The Court of Criminal Appeal has quashed the conviction of Co Mayo farmer Padraig Nally for manslaughter and ordered a retrial.
In July last year, the 62-year-old farmer was jailed for six years for shooting dead John 'Frog' Ward, 42.
Mr Ward, a member of the Travelling community and the father of eleven children, was shot twice and beaten with a stick after he entered Mr Nally's farmyard on 14 October 2004.
The second and fatal shot was fired after Mr Ward had left the yard.
Mr Nally's lawyers had argued at his appeal that the trial judge, Mr Justice Paul Carney, had erred in law by not allowing the jury to consider a defence of full self-defence and by not allowing it to find Mr Nally not guilty.
The judge had directed that the jury had to find Mr Nally guilty of murder or guilty of manslaughter. He made this ruling after an initial application by the prosecution counsel on the issue of self-defence.
The judgment by the three-judge Court of Criminal Appeal states that the issue of self-defence was a central issue at every stage of this case.
The court said that had the prosecution allowed the trial to proceed in the usual manner, the trial judge would have given appropriate directions to the jury in the usual form.
It said that the jury was denied the opportunity to return a verdict of not guilty, even if such a verdict may have flown in the face of the evidence.
Mr Justice Nicholas Kearns said the jury must retain the ultimate power to determine issues of guilt or innocence.
Retrial next year
Mr Nally's retrial is expected to take place before the summer next year.
After today's judgment, neither Mr Nally nor his solicitor nor his sister made any comment.
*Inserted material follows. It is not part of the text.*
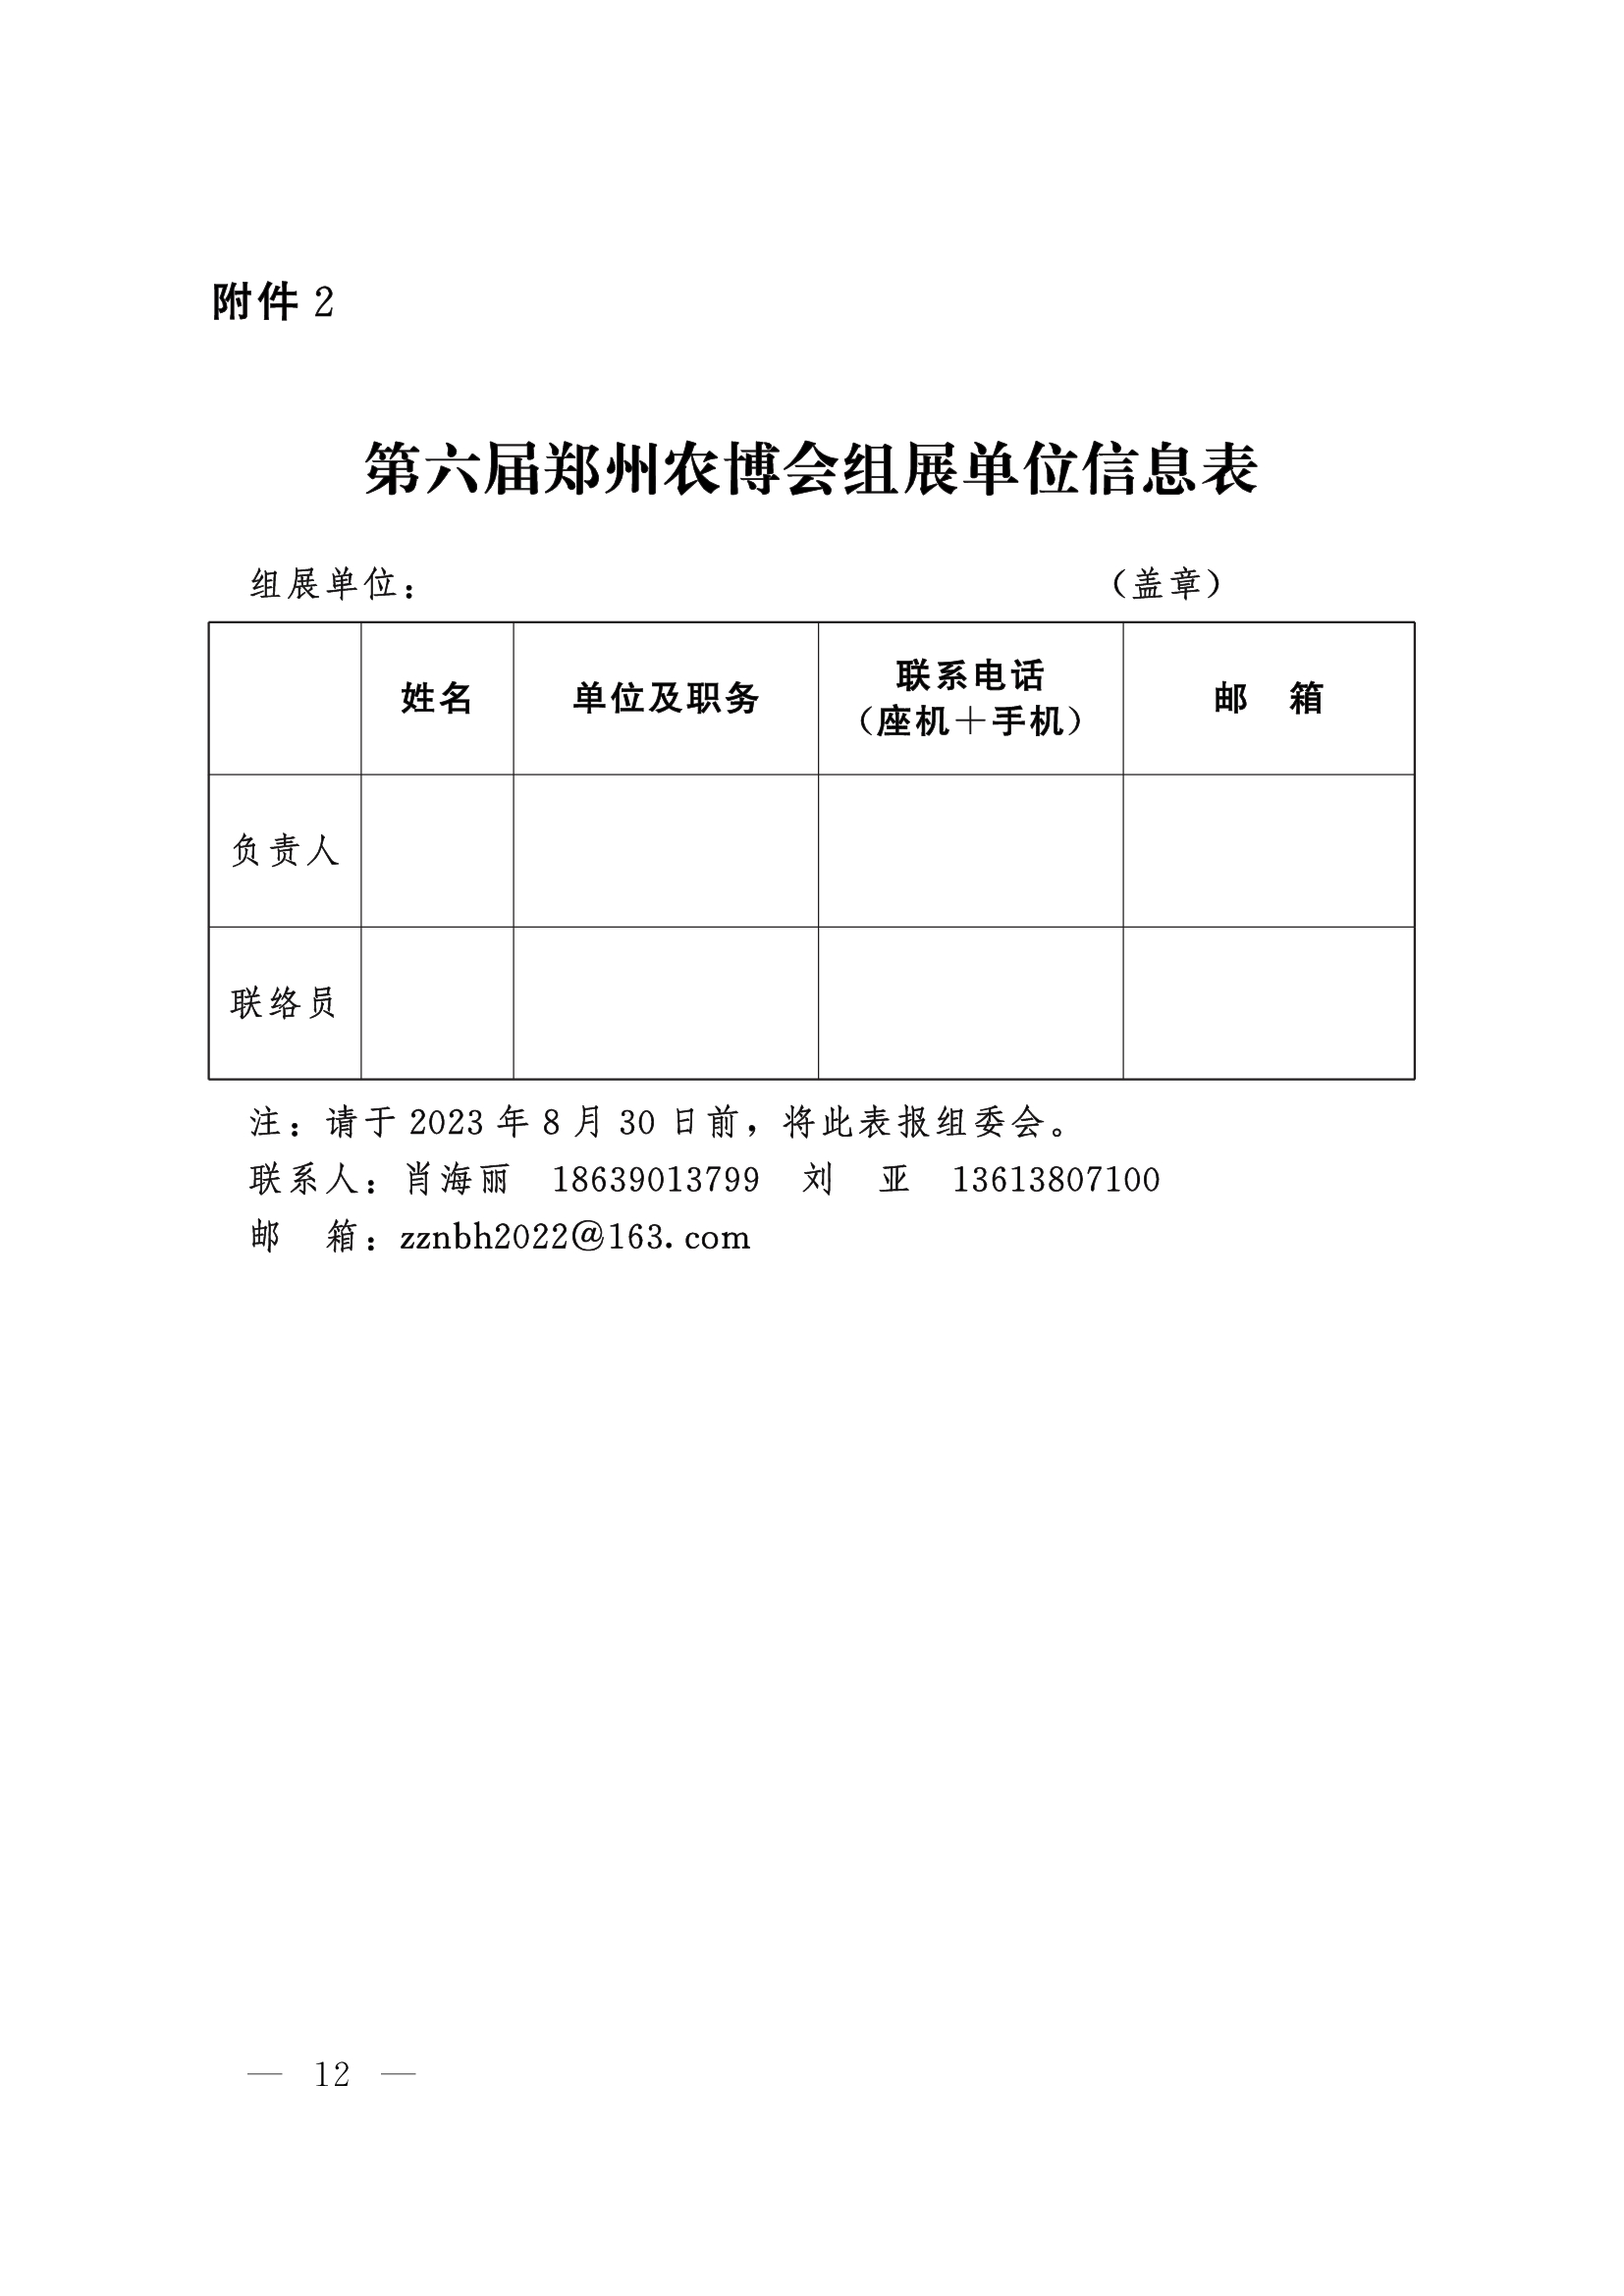 第六届郑州农博会组展单位信息表

His solicitor said he would not be making any comment 'for the moment'.
Marie Ward, wife of Mr Ward, told RTÉ News this evening that she was 'upset by the court ruling and the decision to release Padraig Nally'.
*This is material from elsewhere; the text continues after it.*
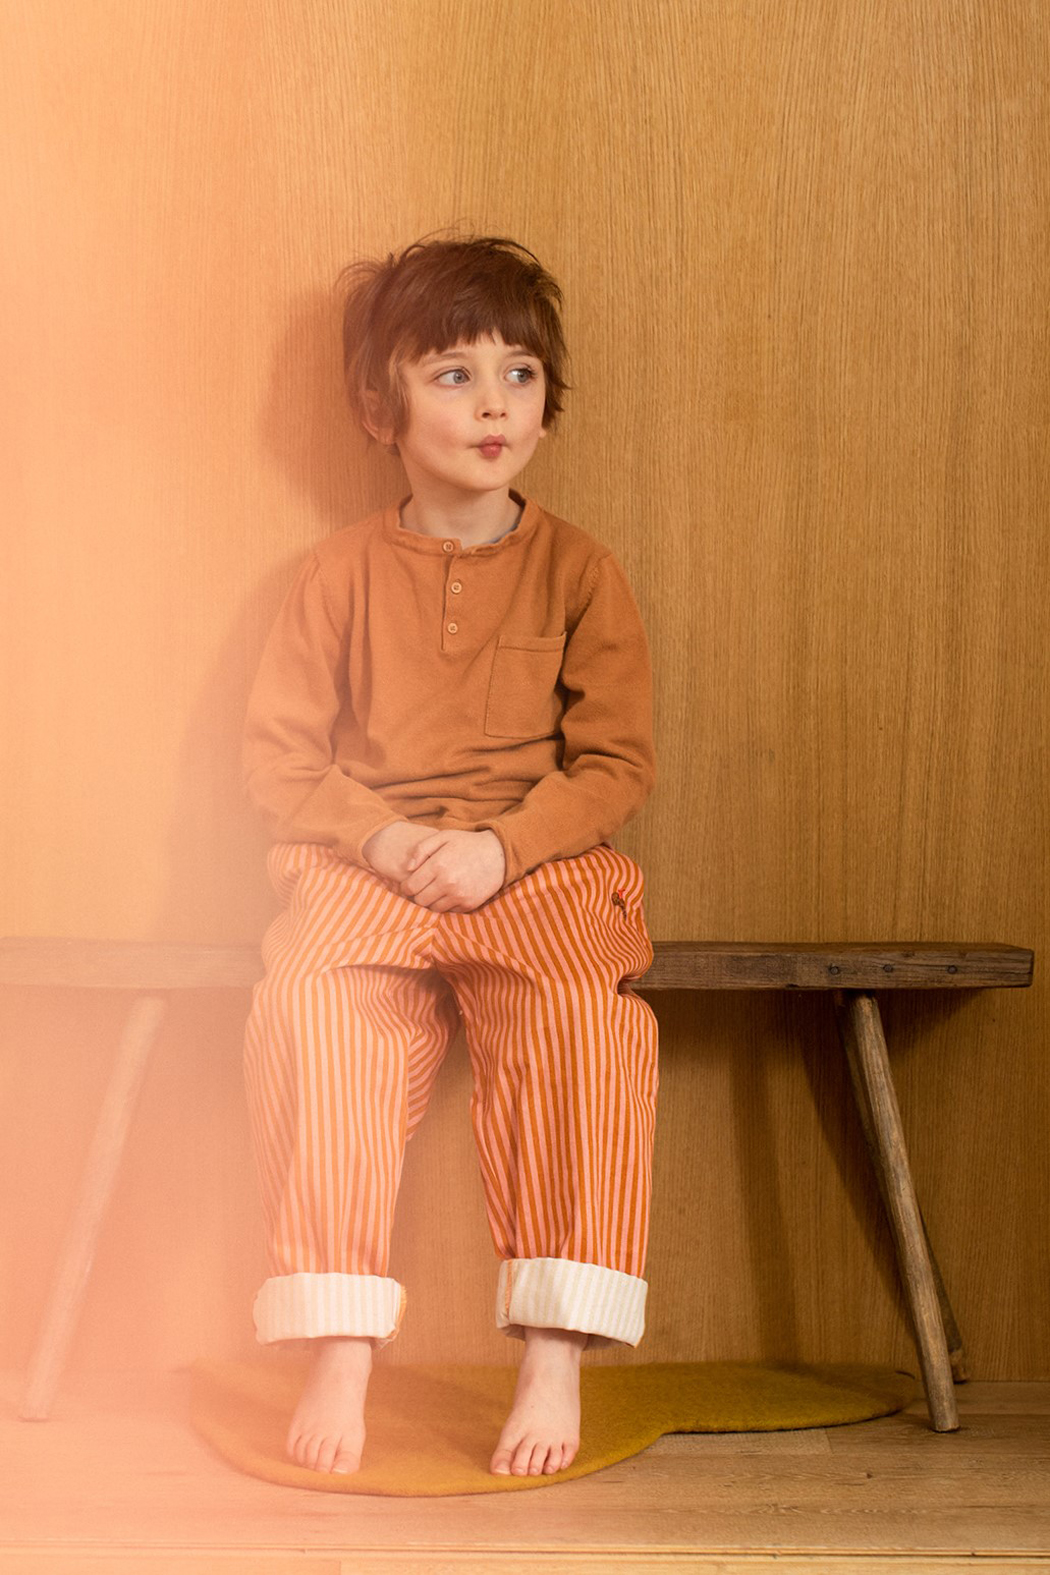 Petit garçon assis sur un banc en bois en pyjama regardant vers la droite

She said life had been very difficult over the past two years and that she had been forced to leave the halting site she had lived on in Galway because of intimidation and hate mail.
The sister and sister-in-law of John Ward said their family is very disappointed and shocked at the court ruling.
Speaking in Co Sligo, Nora and Bridget Ward spoke of the loss of Mr Ward, eleven children left without a father and grandchildren who would never see their grandfather.
Nora Ward said her brother will soon be two years dead and a lot of memories will be brought back.
She said: 'John can't come back to us and now Padraig Nally is going to be released; that will be hard to get used to.'
Martin Collins of the Travellers' organisation, Pavee Point, said it was regrettable that all the main players in this would have to relive the horror of the case one more time.
The Irish Traveller Movement has said it is 'extremely concerned' by today's decision.
It called on the media to take a more measured approach in its reporting of Mr Nally's retrial and to avoid the stereotyping of Travellers which typified much of the reporting in the original case.